**PROBLEM DESCRIPTION**
Below you will find a set of lines. Repeat them all exactly.

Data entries
Content starts
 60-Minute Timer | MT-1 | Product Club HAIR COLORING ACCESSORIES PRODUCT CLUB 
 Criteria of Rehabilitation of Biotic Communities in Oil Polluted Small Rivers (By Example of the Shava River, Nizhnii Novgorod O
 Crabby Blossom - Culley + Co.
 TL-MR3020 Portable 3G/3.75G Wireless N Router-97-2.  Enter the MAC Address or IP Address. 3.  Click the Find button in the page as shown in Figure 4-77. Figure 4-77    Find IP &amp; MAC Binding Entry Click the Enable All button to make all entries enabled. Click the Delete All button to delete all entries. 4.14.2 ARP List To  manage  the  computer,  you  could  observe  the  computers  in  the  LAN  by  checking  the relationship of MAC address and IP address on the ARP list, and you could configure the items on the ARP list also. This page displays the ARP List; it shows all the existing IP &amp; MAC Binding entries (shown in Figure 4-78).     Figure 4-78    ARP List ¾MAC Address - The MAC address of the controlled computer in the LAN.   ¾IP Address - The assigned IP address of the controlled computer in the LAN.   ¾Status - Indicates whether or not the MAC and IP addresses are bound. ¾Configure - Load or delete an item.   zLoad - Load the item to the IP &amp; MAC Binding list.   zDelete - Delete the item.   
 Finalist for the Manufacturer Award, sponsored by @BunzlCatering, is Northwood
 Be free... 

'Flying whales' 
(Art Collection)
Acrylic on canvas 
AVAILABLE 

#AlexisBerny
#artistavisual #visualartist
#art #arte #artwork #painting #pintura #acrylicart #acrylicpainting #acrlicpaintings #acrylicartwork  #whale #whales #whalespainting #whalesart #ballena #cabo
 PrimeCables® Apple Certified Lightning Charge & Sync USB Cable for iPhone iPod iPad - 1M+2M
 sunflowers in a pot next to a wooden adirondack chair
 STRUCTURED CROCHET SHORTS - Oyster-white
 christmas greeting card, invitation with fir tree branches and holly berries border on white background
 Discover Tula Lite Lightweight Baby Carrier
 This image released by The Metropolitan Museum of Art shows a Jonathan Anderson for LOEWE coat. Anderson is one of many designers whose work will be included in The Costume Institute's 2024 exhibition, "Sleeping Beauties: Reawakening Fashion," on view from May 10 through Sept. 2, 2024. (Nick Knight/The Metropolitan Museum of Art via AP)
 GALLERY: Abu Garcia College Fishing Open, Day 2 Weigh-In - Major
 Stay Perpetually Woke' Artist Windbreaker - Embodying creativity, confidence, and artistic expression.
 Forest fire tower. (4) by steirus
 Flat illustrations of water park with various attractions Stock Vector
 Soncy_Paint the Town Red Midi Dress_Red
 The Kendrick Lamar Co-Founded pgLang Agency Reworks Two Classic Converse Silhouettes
Content ends
**FINAL ANSWER**
 60-Minute Timer | MT-1 | Product Club HAIR COLORING ACCESSORIES PRODUCT CLUB 
 Criteria of Rehabilitation of Biotic Communities in Oil Polluted Small Rivers (By Example of the Shava River, Nizhnii Novgorod O
 Crabby Blossom - Culley + Co.
 TL-MR3020 Portable 3G/3.75G Wireless N Router-97-2.  Enter the MAC Address or IP Address. 3.  Click the Find button in the page as shown in Figure 4-77. Figure 4-77    Find IP &amp; MAC Binding Entry Click the Enable All button to make all entries enabled. Click the Delete All button to delete all entries. 4.14.2 ARP List To  manage  the  computer,  you  could  observe  the  computers  in  the  LAN  by  checking  the relationship of MAC address and IP address on the ARP list, and you could configure the items on the ARP list also. This page displays the ARP List; it shows all the existing IP &amp; MAC Binding entries (shown in Figure 4-78).     Figure 4-78    ARP List ¾MAC Address - The MAC address of the controlled computer in the LAN.   ¾IP Address - The assigned IP address of the controlled computer in the LAN.   ¾Status - Indicates whether or not the MAC and IP addresses are bound. ¾Configure - Load or delete an item.   zLoad - Load the item to the IP &amp; MAC Binding list.   zDelete - Delete the item.   
 Finalist for the Manufacturer Award, sponsored by @BunzlCatering, is Northwood
 Be free... 

'Flying whales' 
(Art Collection)
Acrylic on canvas 
AVAILABLE 

#AlexisBerny
#artistavisual #visualartist
#art #arte #artwork #painting #pintura #acrylicart #acrylicpainting #acrlicpaintings #acrylicartwork  #whale #whales #whalespainting #whalesart #ballena #cabo
 PrimeCables® Apple Certified Lightning Charge & Sync USB Cable for iPhone iPod iPad - 1M+2M
 sunflowers in a pot next to a wooden adirondack chair
 STRUCTURED CROCHET SHORTS - Oyster-white
 christmas greeting card, invitation with fir tree branches and holly berries border on white background
 Discover Tula Lite Lightweight Baby Carrier
 This image released by The Metropolitan Museum of Art shows a Jonathan Anderson for LOEWE coat. Anderson is one of many designers whose work will be included in The Costume Institute's 2024 exhibition, "Sleeping Beauties: Reawakening Fashion," on view from May 10 through Sept. 2, 2024. (Nick Knight/The Metropolitan Museum of Art via AP)
 GALLERY: Abu Garcia College Fishing Open, Day 2 Weigh-In - Major
 Stay Perpetually Woke' Artist Windbreaker - Embodying creativity, confidence, and artistic expression.
 Forest fire tower. (4) by steirus
 Flat illustrations of water park with various attractions Stock Vector
 Soncy_Paint the Town Red Midi Dress_Red
 The Kendrick Lamar Co-Founded pgLang Agency Reworks Two Classic Converse Silhouettes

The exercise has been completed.